Chamou-me a atenção uma placa colocada às margens do Estádio de Barueri, onde Palmeiras (mandante) enfrentou o Santos na noite desta quarta-feira, 14, pelo Campeonato Paulista: “CLÁSSICO DA SAUDADE”.
O Palmeiras venceu graças ao gol de Allan (foto acima), aproveitando bela jogada de Flaco Lopez, excelente atacante com grande faro de gol.
Mas o jogo foi modorrento.
Calma, meu amigo. Sei que estamos em começo de temporada, quando os técnicos ainda têm algum tempo para fazer experiências.
Sei disso.
Mas um clássico envolvendo Palmeiras e Santos merece mais. Muito mais.
Assim, o clássico de ontem para mim foi um clássico que dá saudades.
Como futebol faz parte do sonho, dei asas à imaginação e passei a me lembrar de outros grandes encontros entre esses dois grandes do futebol brasileiro e do mundo.

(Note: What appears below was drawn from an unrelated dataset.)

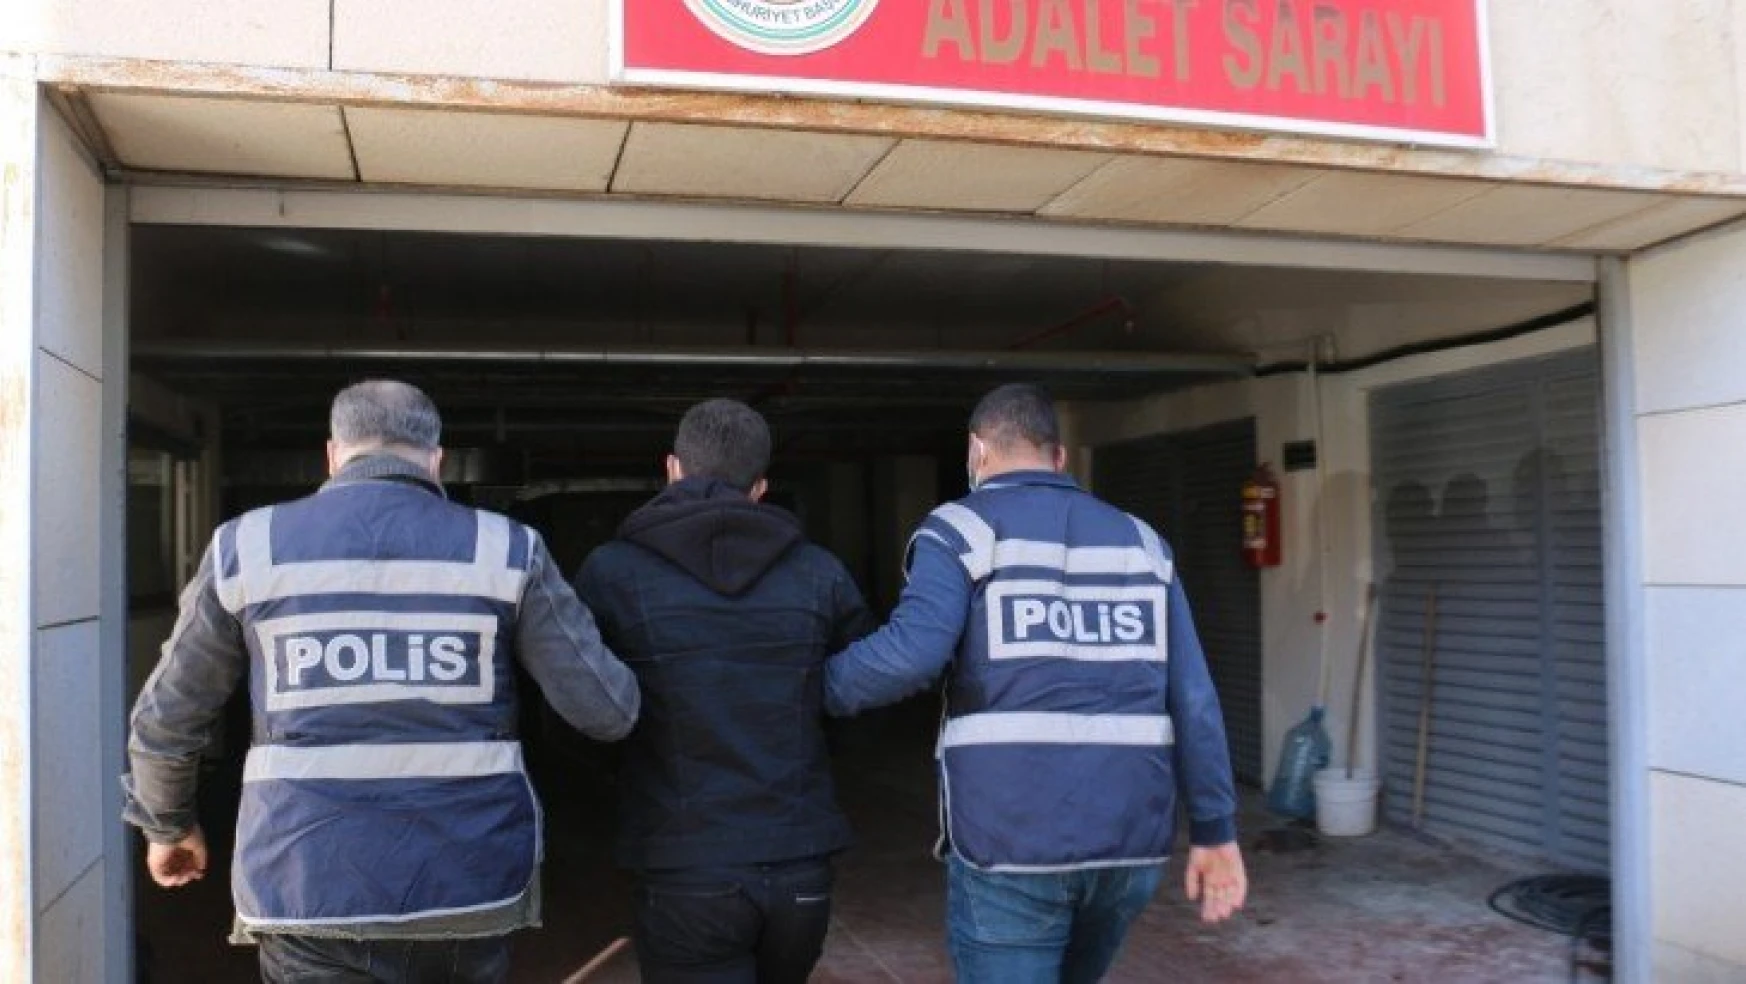 Elazığ'da bir şahsı bıçakla ağır yaralayan şüpheli tutuklandı

Lembrei-me que nos anos 50 o Palmeiras foi o único time realmente capaz de enfrentar o Santos, principalmente depois do advento do gênio Pelé.

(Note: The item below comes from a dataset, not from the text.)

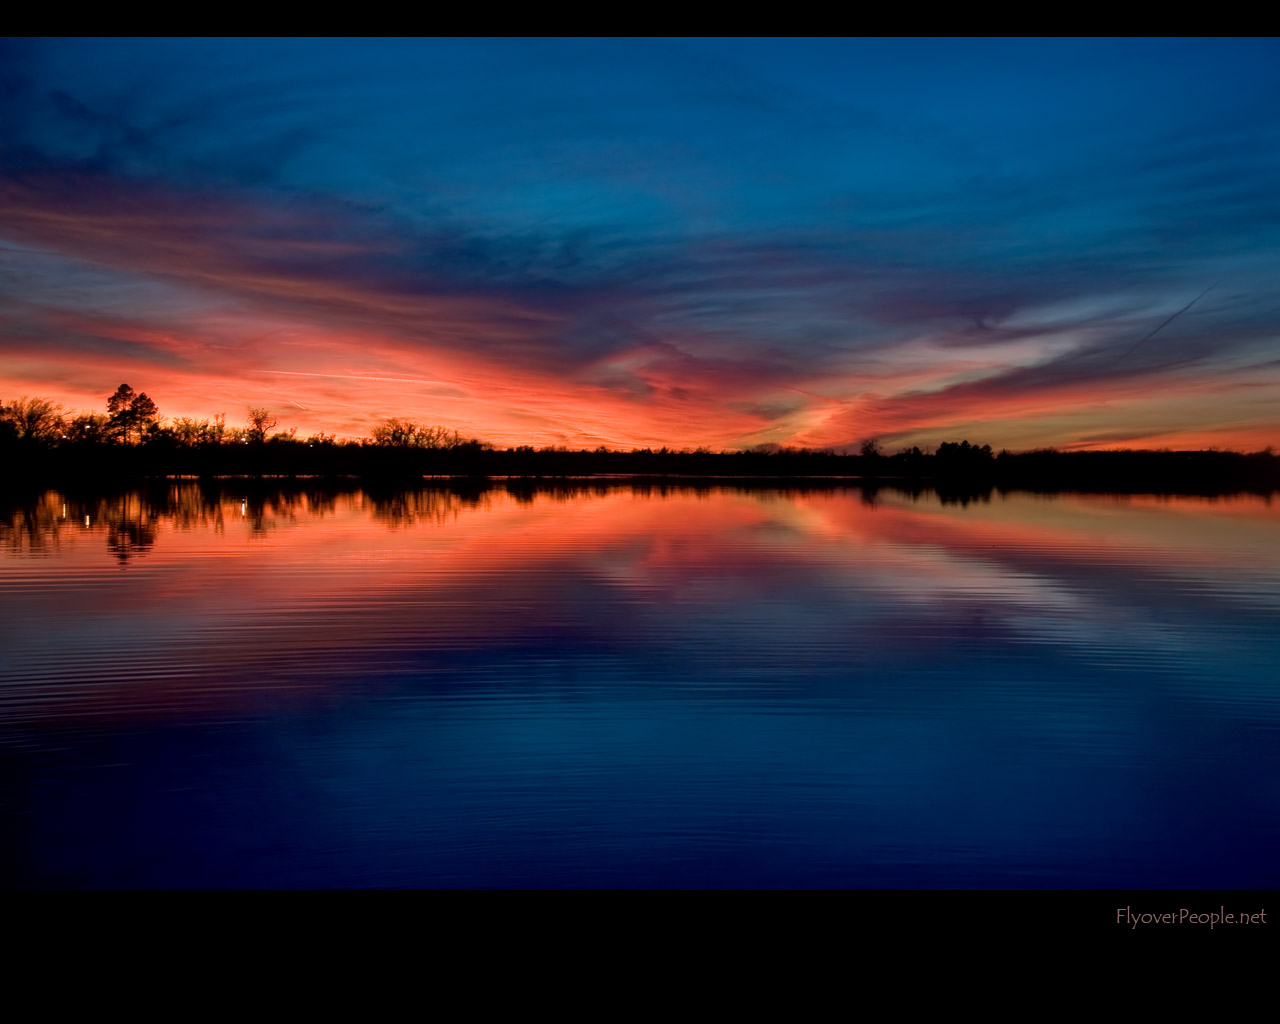 Evening Calm Sunset at Herington Lake 1280x1024

Em 1958, o Rei Pelé conquistava seu primeiro título de campeão. Mais do que isso, foi o artilheiro da competição que tinha 20 times, marcando incríveis 58 gols.
A campanha do Santos foi irretorquível: em 38 jogos, acumulou 64 pontos (na época, a vitória valia apenas dois pontos); venceu 29 jogos, empatou 6 e perdeu apenas 3. Seu ataque marcou 143 gols. Sofreu 40 gols.
Mas no ano seguinte o campeão foi o Palmeiras numa decisão emocionante que ficou conhecida como o Supercampeonato.
Os dois terminaram a competição com 63 pontos ganhos cada, levando a decisão para uma série de três jogos e o campeão seria aquele que somasse pelo menos 4 pontos.
O Santos venceu 30 de seus 38 jogos e seu ataque marcou 151 vezes, tendo Pelé como artilheiro da competição, com 44 gols.
O Palmeiras venceu 29 partidas e marcou 107 gols.
Na decisão extra, os dos primeiros jogos terminaram empatados: 1 a 1 e 2 a 2.
Na decisão, disputada no dia 10 de janeiro de 1960, o Verdão venceu por 2 a 1, com gols de Julinho Botelho e Romeiro. Pelé marcou para o Santos.
O 2 a 1 final tornou o Palmeiras Supercampeão.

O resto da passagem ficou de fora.